In sharp contrast to the brazenly violent "Cocaine Cowboys" of the 1980s, Miami's marijuana smugglers were cooler, calmer, and typically nonviolent. Square Grouper paints a vivid portrait of Miami's pot smuggling culture in the 1970s and 1980s and its major players: the smuggling Black Tuna Gang, the pot dealing Ethiopian Zion Coptic Church and the tiny fishing village Everglades City.

==Synopsis==
In 1979, the U.S. Customs Service reported that 87% of all marijuana seizures in the U.S. were made in the South Florida area. Due to the region's 5,000 miles of coast and coastal waterways and close proximity to the Caribbean and Latin America, South Florida was a pot smuggler's paradise. Square Grouper: The Godfathers of Ganja is a colorful portrait of Miami's pot smuggling scene of the 1970s, populated with redneck pirates, a ganja-smoking church, and the longest serving marijuana prisoner in American history.

===The Ethiopian Zion Coptic Church===
In the early-1970s, a fundamentalist Christian sect known as the Ethiopian Zion Coptic Church formed in Jamaica. The Coptics' beliefs were typical of any fundamentalist Christian organization... with the exception of one. The Church believed that marijuana (or "ganja," as they called it) was their sacrament... and all members, including children, smoked it around the clock. The Church started a massive marijuana export operation and expanded throughout the 1970s, eventually becoming the largest employers and landowners in the struggling Caribbean nation.

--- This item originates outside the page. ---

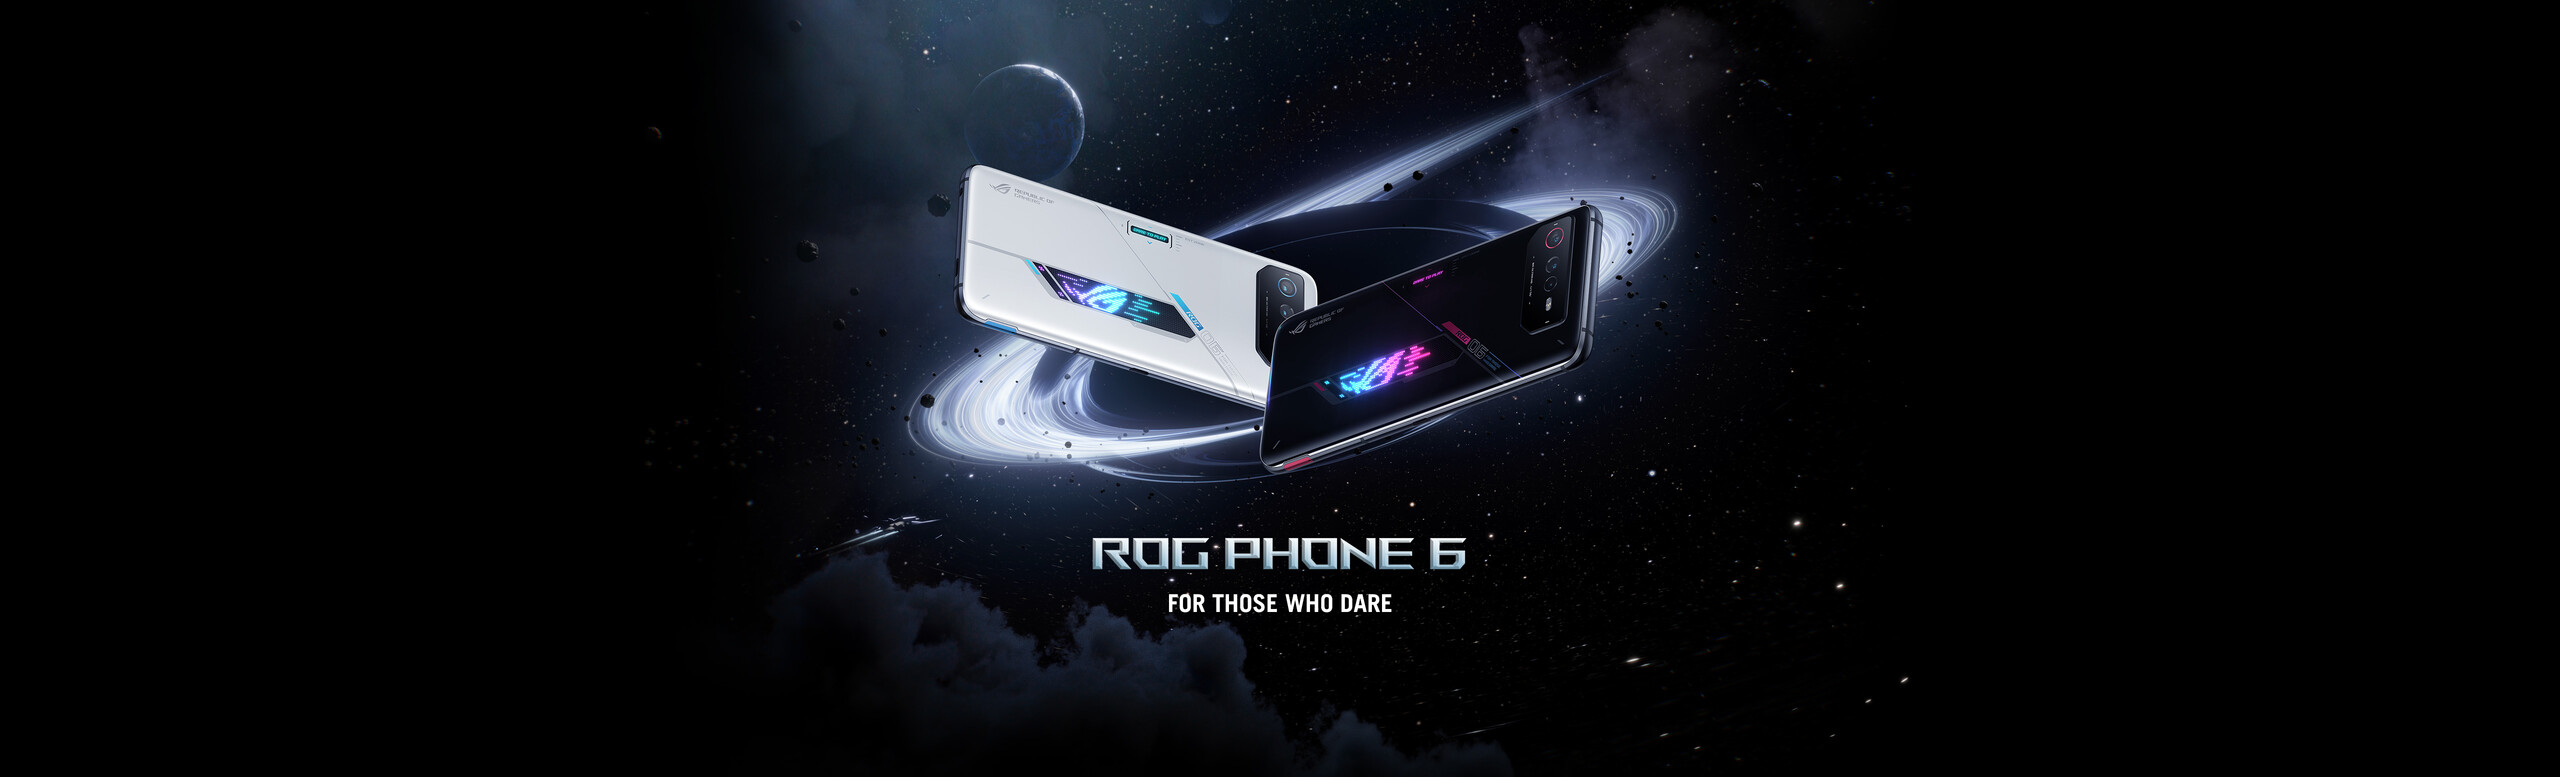 Two ROG Phone 6s models in black and white, floating on the bridge of the spaceship, with flourishing city view background.

In 1975, the Church bought a mansion on Miami's exclusive Star Island. Initially, the Church received recognition as a legitimate religious organization by the government. But as the media caught wind of the group and their rather unorthodox religious ceremonies, things started to change. Ultimately, a 1979 60 Minutes piece featuring footage of young children puffing large "spliffs" of marijuana caused public outrage and compelled the government to finally put an end to the Coptics. Soon after, many Church members were indicted and eventually convicted of smuggling large quantities of marijuana.

===The Black Tuna Gang===
Robert Platshorn and Robert Meinster moved to Miami to get in on the lucrative marijuana business. They started to smuggle small loads from Colombia to the United States, and used the Fontainebleau Hotel for their base of operations. At the same time, the Drug Enforcement Administration (DEA) was facing budget crises and possible dissolution and the film makes the claim that they used Platshorn and Meinster as their targets to justify their continued existence.

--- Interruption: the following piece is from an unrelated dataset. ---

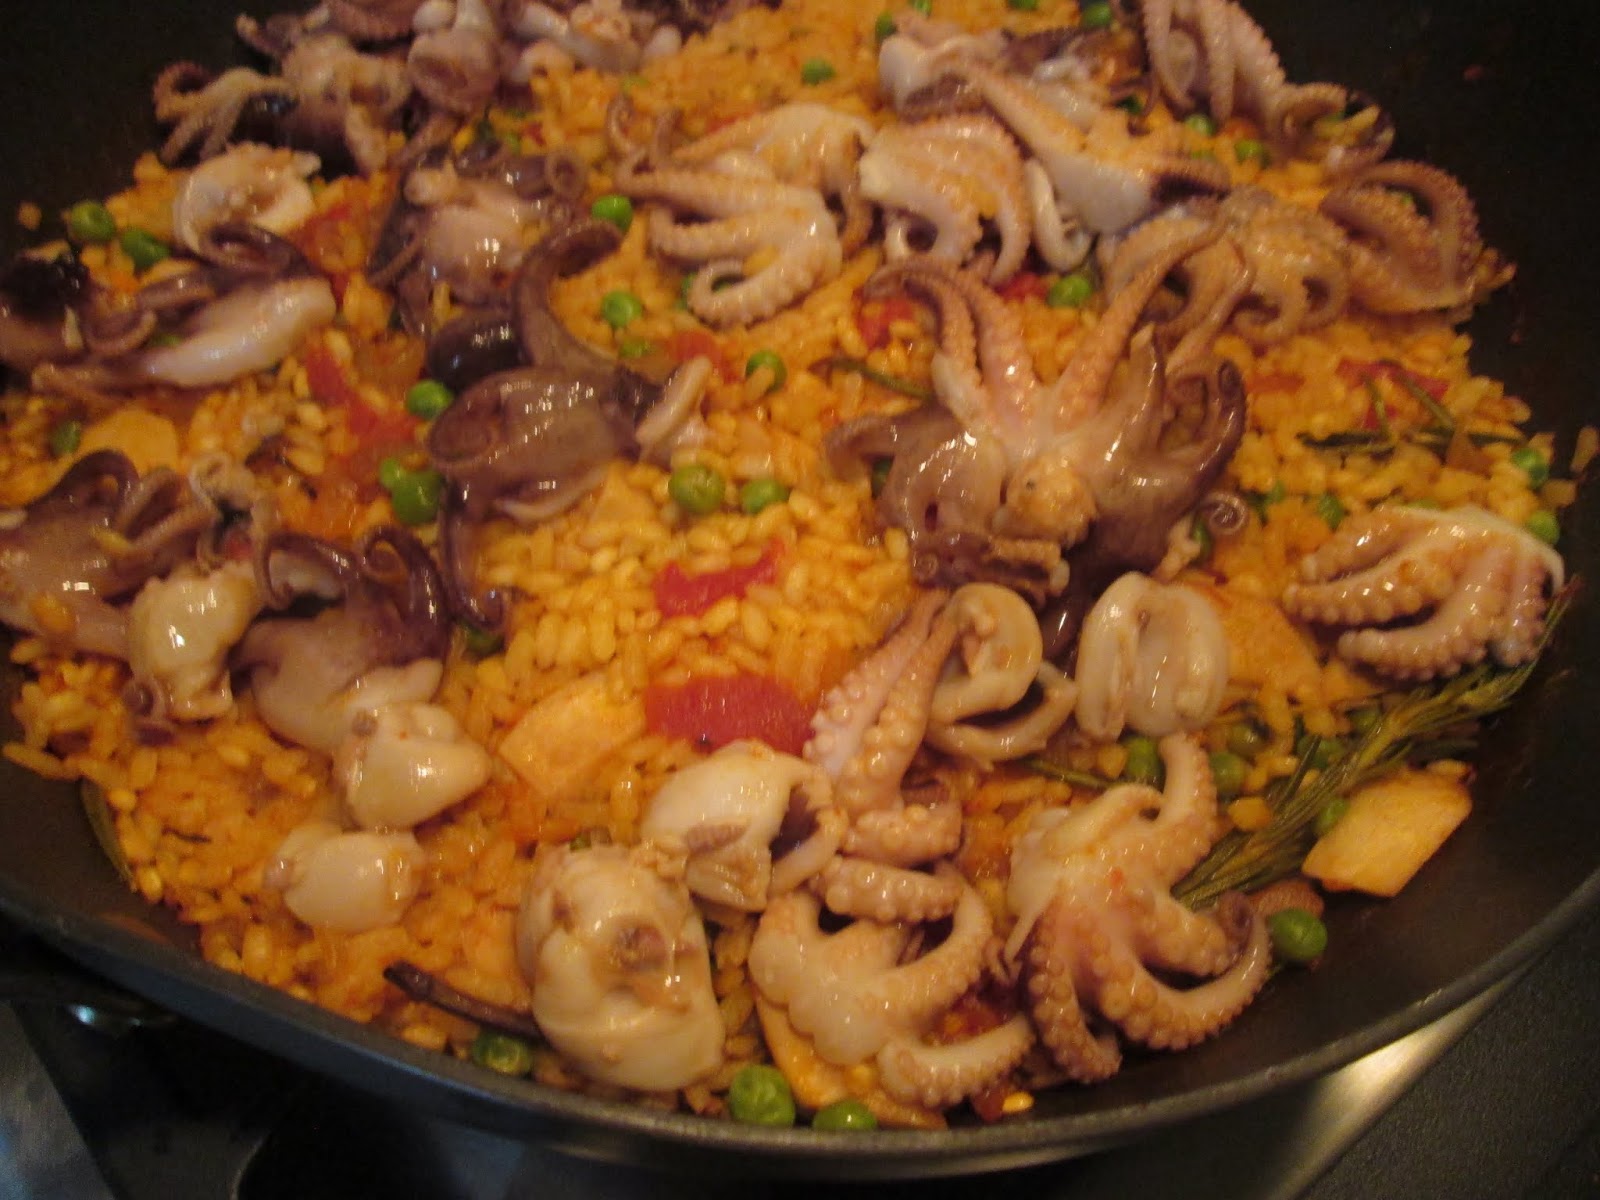 Popo's River: paella with baby octopus

On May 1, 1979, Attorney General Griffin Bell held a press conference announcing the indictment of Platshorn and Meinster and several of their associates, labeling them as the "biggest marijuana smugglers ever", and claiming they were responsible for importing at least a million pounds of marijuana—ten times the amount the organization actually moved. Platshorn was sentenced to 64 years in prison and Meinster to 54, making them the longest serving prisoners related to marijuana convictions in American history.

===Everglades City===
Everglades City, a tiny fishing village 80 miles west of Miami, has always been outlaw country. The majority of the town's 500 residents are from five families, with almost everyone related in some way. The region's coastline is a vast labyrinth of mangroves known as the Ten Thousand Islands. The unique geography, coupled with the fact that only locals knew how to navigate it, made the town a perfect location for smuggling.

Smuggling activity in Everglades City had a long history. In the early 1900s, they smuggled endangered animals. During the prohibition era, they were involved rum running. When drugs flooded South Florida in the 1970s and 1980s and the National Park Service began to phase out commercial fishing, the mainstay of the Everglades City economy, residents involved themselves in marijuana smuggling.

The DEA decided they had to put a stop to the smuggling. They executed two large, highly publicized raids in 1983 and 1984, leading to the arrest of nearly 80% of the adult male population of Everglades City.

==Distribution==
Square Grouper premiered at the 2011 SXSW film festival and was distributed by Magnolia Pictures.